In 2012 a large slip on near Knights Point raised the possibility of road access to the Haast Pass being eventually cut off. In the 2023 election campaign, independent candidate Patrick Phelps and National MP Maureen Pugh both raised the idea of rerouting State Highway 6 inland through the cattle track.[9]
The track is 33 km, and these days is normally walked from north to south, taking 3–4 days. The northern trailhead begins at State Highway 6, on the low saddle between Windbag Creek and the Moeraki Valley. To avoid wetlands it deviates from the original route of the cattle track, which it joins after 15–20 minutes. The track travels through mixed southern beech/podocarp forest, following the Moeraki River, and crosses a swingbridge to reach Blowfly Hut, an hour and a half from the main road.[10] The track from Blowfly Hut to Māori Saddle takes 4.5 hours, travelling southwest uphill through beech/kāmahi forest, following the western edge of the Mataketake Range. After two hours, there is the Mica Mine Track turnoff, a side track to the Wataketake tops reopened as a poled route in 2021.[11] There are numerous stream crossings and some detours around slips which have covered the original track. Shortly after the Māori Saddle a side track leads to the Mateketake Tops, enabling a return loop via the Mataketake Hut and the Mica Mine Track, creating a 2–3 day circuit.[12]
The longest stretch of the track is downhill, and takes 7 to 9 hours to reach Coppermine Creek Hut. Markers indicate the routes around fallen trees and slips; the track crosses the Alpine Fault and the area is very prone to erosion from heavy rain. On reaching the flats, the track turns north and crosses Coppermine Creek to reach the hut.
From Coppermine Creek a two-hour walk on flat ground leads to the southern terminus of the track, beside the State Highway 6 bridge over the Waita River, 11 km north of Haast.

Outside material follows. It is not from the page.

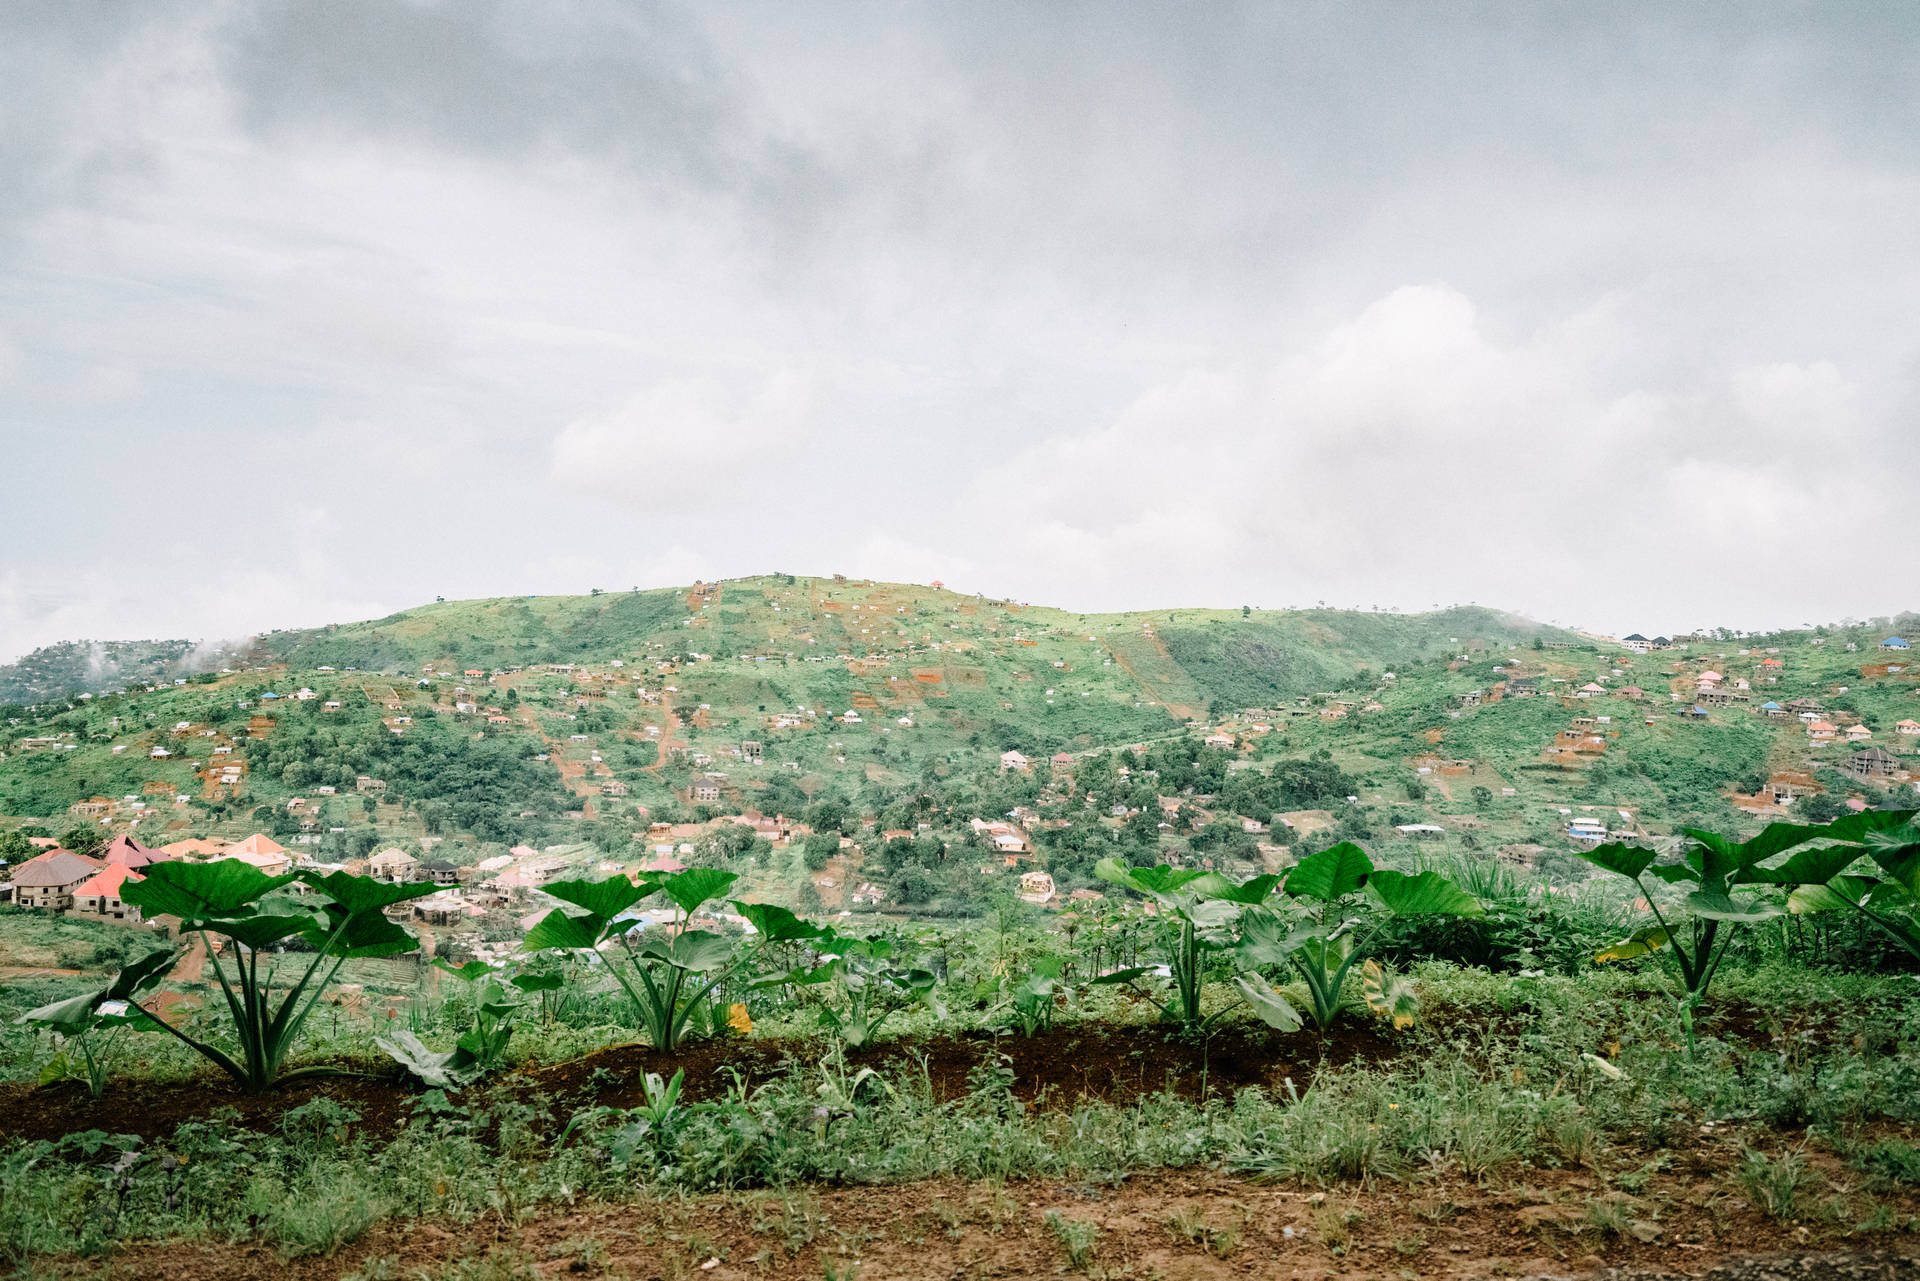 Grassy Green Hill In Sierra Leone
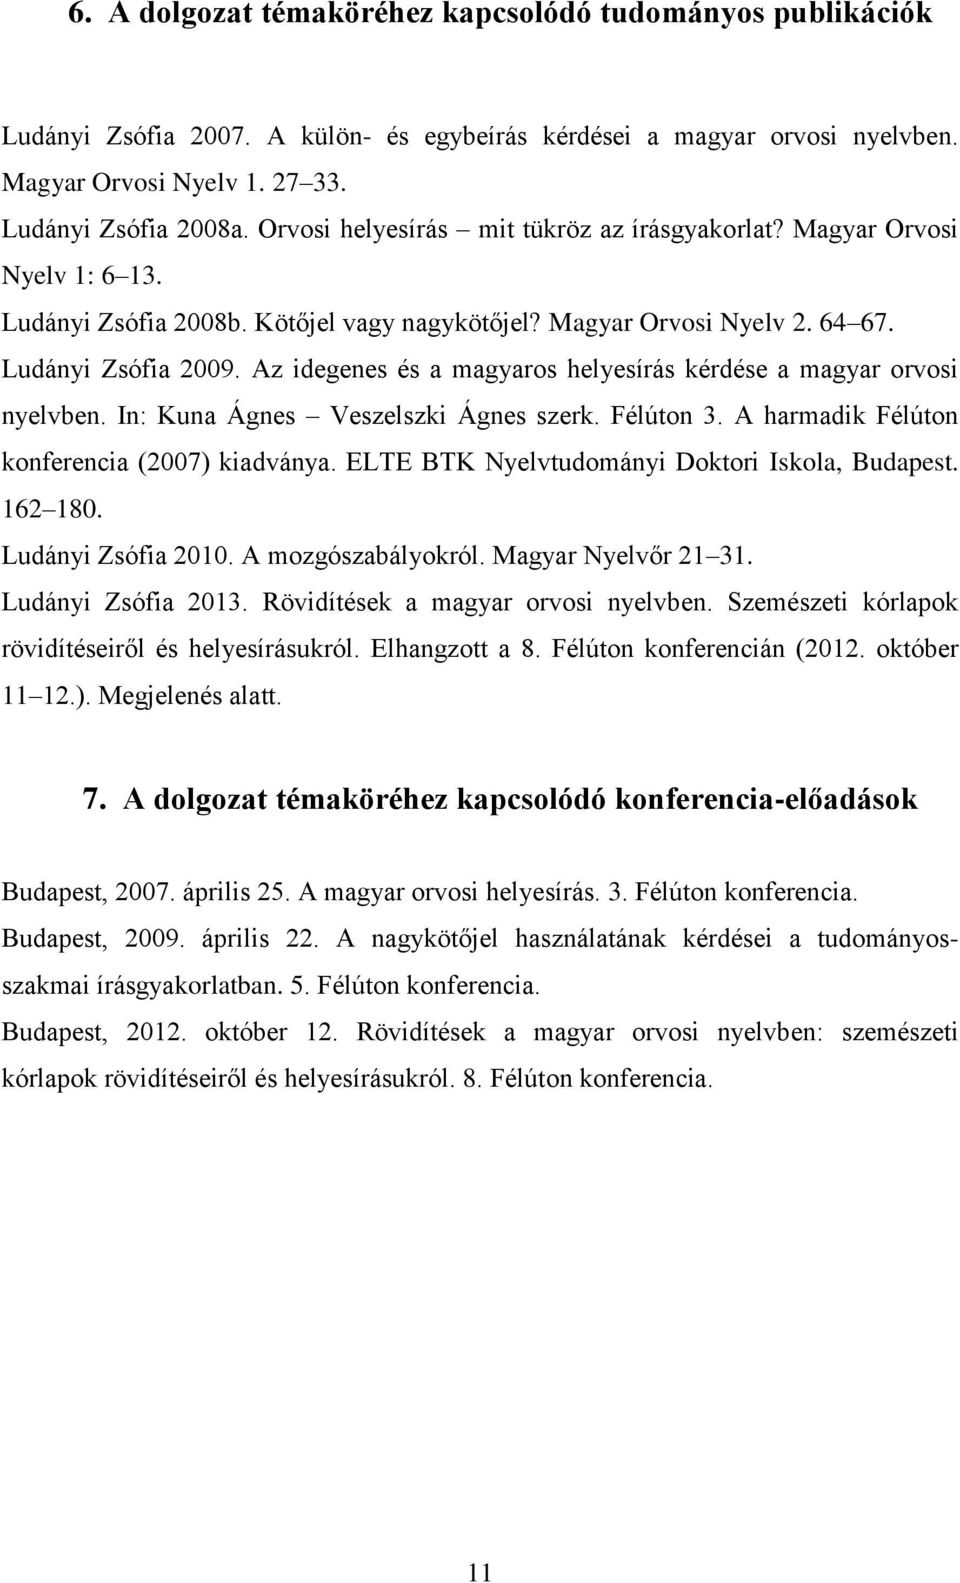 Az idegenes és a magyaros helyesírás kérdése a magyar orvosi nyelvben. In: Kuna Ágnes Veszelszki Ágnes szerk. Félúton 3. A harmadik Félúton konferencia (2007) kiadványa.

The cattle track was very subject to slips, and needed constant maintenance by roadmen, who were housed in huts in the forest. After the track was essentially completed in 1883, three huts were built out of corrugated iron: at the Waita River entrance, Blue Hut at the Moeraki (Blue) River, and Iron Hut in between about an hour from Coppermine Creek.
These corrugated iron boxes were servicable but not lavish accommodation. W.D. Nolan describes the Iron Hut as "convenient" if "nothing flash". Travel writer A. Maud Moreland stayed in the Blue River hut around 1909, and was plagued by mosquitoes:
It was nothing but a corrugated-iron box, eight or nine feet square, with a rude bunk, covered with fern, at either side; between them was a dirty cupboard smeared with candle grease, which served as a table; a stool by the wide hearth and two old billies completed the furniture. An axe-head lay near, but the handle had been burnt for fire-wood, and the floor was littered with dirty paper, old tins, sticks, and ferns. A more truly uninviting place would be hard to find.[13]
In the 1940s or 1950s, around the time the bridge was built to the mica mine, new huts were built: Coppermine Creek at the cattle paddocks, and Blowfly Hut (8 bunks), either a rebuild or replacement of the old Blue River Hut. Blowfly Hut probably took its name from the flies generated by cattle manure; a surviving sign identifies it as "Jack Farrell's Hut". The Iron Hut fell into disrepair in the 1950s, and the Waita Hut, renamed the Drovers Rest, was pulled down in 2006 and replaced by a whitebaiter's crib.
Although there were once 200–300 roadmen's huts in New Zealand, only three survive: Blowfly Hut, Jacks Hut in Arthur's Pass, and the hut at Castle Hill Station (restored in 2003).Māori Saddle Hut (10 bunks) and a new hut at Coppermine Creek (6 bunks) were built in 1980 by the New Zealand Forest Service, when the Haast–Paringa track was upgraded for trampers.[14] An eight-bunk hut was built on the Mataketake tops in 2021, dedicated to the memory of conservationist Andy Dennis.